The thistle mistletoe formula is a pagan Norse Runic formula, involving several rhyming words ending in -istill (typically at least þistill and mistill; thistle and mistletoe). The formula is attested in around 15 variants from the Viking age.

Attestations

Ledberg stone (Ög 181)
The Swedish Ledberg stone from Östergötland contains the formula.

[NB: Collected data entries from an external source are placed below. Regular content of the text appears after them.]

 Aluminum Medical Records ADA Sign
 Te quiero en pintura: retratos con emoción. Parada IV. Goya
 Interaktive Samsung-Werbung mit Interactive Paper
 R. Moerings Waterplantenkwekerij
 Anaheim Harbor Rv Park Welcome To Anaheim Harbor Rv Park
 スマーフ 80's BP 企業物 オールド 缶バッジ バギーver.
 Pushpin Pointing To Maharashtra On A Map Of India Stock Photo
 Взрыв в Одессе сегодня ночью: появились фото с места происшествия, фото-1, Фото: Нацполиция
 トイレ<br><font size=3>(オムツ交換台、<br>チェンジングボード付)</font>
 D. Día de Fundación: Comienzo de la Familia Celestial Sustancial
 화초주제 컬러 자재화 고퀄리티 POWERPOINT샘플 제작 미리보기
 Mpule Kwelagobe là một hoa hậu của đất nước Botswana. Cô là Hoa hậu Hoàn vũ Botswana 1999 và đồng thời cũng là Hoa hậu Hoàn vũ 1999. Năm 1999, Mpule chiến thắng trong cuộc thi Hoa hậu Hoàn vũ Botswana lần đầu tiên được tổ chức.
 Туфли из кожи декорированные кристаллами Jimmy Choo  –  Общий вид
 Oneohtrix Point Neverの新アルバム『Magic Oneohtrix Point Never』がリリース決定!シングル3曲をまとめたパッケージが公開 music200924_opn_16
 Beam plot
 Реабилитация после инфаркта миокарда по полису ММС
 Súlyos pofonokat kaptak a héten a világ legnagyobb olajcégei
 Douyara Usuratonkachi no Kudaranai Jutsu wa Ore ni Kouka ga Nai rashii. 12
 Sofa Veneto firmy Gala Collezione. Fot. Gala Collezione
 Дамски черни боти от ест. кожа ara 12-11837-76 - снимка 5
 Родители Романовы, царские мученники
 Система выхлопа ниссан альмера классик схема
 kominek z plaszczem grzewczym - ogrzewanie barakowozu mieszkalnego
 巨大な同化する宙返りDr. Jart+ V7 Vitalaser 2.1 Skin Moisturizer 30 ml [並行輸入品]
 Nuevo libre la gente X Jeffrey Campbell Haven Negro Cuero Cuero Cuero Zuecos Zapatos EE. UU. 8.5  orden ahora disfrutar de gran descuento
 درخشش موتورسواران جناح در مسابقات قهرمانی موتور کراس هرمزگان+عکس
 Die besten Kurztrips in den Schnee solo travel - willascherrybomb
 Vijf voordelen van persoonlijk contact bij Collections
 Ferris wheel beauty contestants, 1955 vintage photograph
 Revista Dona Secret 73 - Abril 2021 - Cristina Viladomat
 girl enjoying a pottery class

Following a standard memorial inscription, we read
ᚦᛘᚴ ᛬ ᛁᛁᛁ ᛬ ᛋᛋᛋ ᛬ ᛏᛏᛏ ᛬ ᛁᛁᛁ ᛬ ᛚᛚᛚ ᛬
þmk : iii : sss : ttt : iii : lll :

which when resolved becomes, in normalized Old Icelandic spelling:

þistill, mistill, kistill

in English:
"thistle, mistletoe, casket."

Gørlev stone (DR 239)
Likewise, the Danish Gørlev stone contains the exact same formula, along with a younger futhark rune-row.

Saga of Bósi
The formula reaches its climax in a riddle in the legendary Icelandic Saga of Bósi and Herraud, where it reads (from manuscript AM. 586 4:0, transliterated into the Latin alphabet):
r.o.þ.k.m.u. iiiiii. ssssss. tttttt. iiiiii. llllll

resolved and normalized, we get
ristill, eistill, þistill, kistill, mistill, vistill

in English:
"plowshare, testicle, thistle, box/casket, mistletoe." The meaning of the final word, uistil (vistill), is unclear.